Electromagnetic field and artificial intelligence based fault detection and classification system for the transmission lines in smart grid
Published in Energy Sources, Part A: Recovery, Utilization, and Environmental Effects, 2021
Chetan Khadse, Abhijeet A. Patharkar, Bharat S. Chaudhari
The transmission line plays a crucial role in the electrical power system. It is essential to detect the faults and isolate the fault that occurs in the transmission line. Early detection of faults in the transmission line leads to an increase in reliability and reduction in service and maintenance cost (Hewitson, Brown, and Balakrishnan 2005). The monitoring of the current and voltage plays a significant role in detection of a fault in the transmission line.
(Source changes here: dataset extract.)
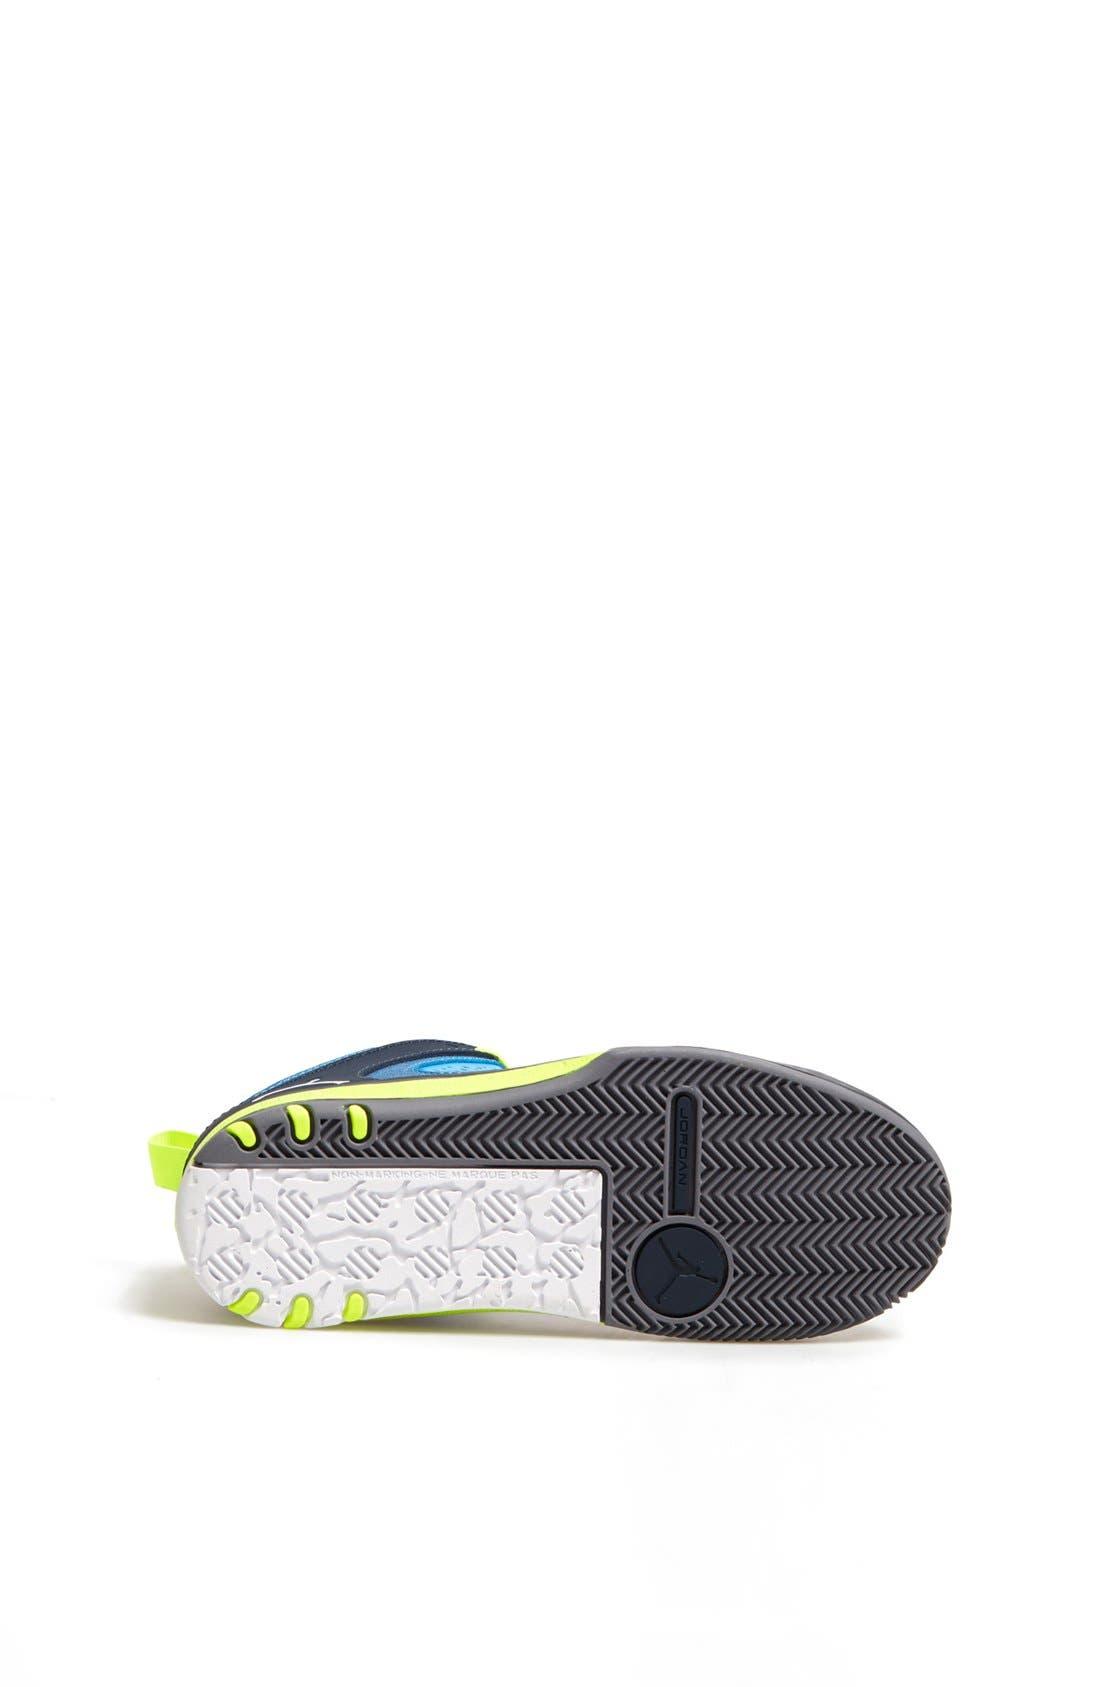 Alternate Image 4  - Nike 'Jordan Phase 23 2' Sneaker (Toddler & Little Kid)

The accurate detection of faults depend upon precise monitoring. The current and voltage, both signals are required for the accuracy in most of the fault identification techniques. The high impedance faults in power distribution system are diagnosed in Ghaderi, Ginn, and Mohammadpour (2017) with the help of current and voltage signals. The power line communication technique-based impedance fault is diagnosed in Milioudis, Andreou, and Labridis (2012a). The similar approach is found in Milioudis, Andreou, and Labridis (2012b). The phasor measurement unit-based impedance fault detection is done in Kargar and Zanjani (2012) which also uses current and voltage signal. The distance protection along with localization using current and voltage signal is proposed in Lee et al. (2006). Nowadays, current transformer (CT) and potential transformer are used for the acquisition of current and voltage signals at the electrical substation. For this purpose, minimum three current transformers are required at each end of the transmission line. It is not economical when it comes to high-voltage lines. The performance of CT may be limited during fault transient due to its core saturation. There is also a physical contact required between instrument transformer and high-voltage line in conventional system. It leads to the adherence of strict safety rules. To overcome such issues and to enhance the reliability and accuracy in the fault detection, magnetic field sensors are one of the promising solutions. The magnetic sensors transform the current in transmission line into horizontal and vertical magnetic fields. Instead of current, these magnetic fields can be used for analysis of the faults in the transmission lines. The different fault types give rise to different pattern of waveforms. If the patterns are recognized with artificial intelligence technique, the fault types can be detected and classified.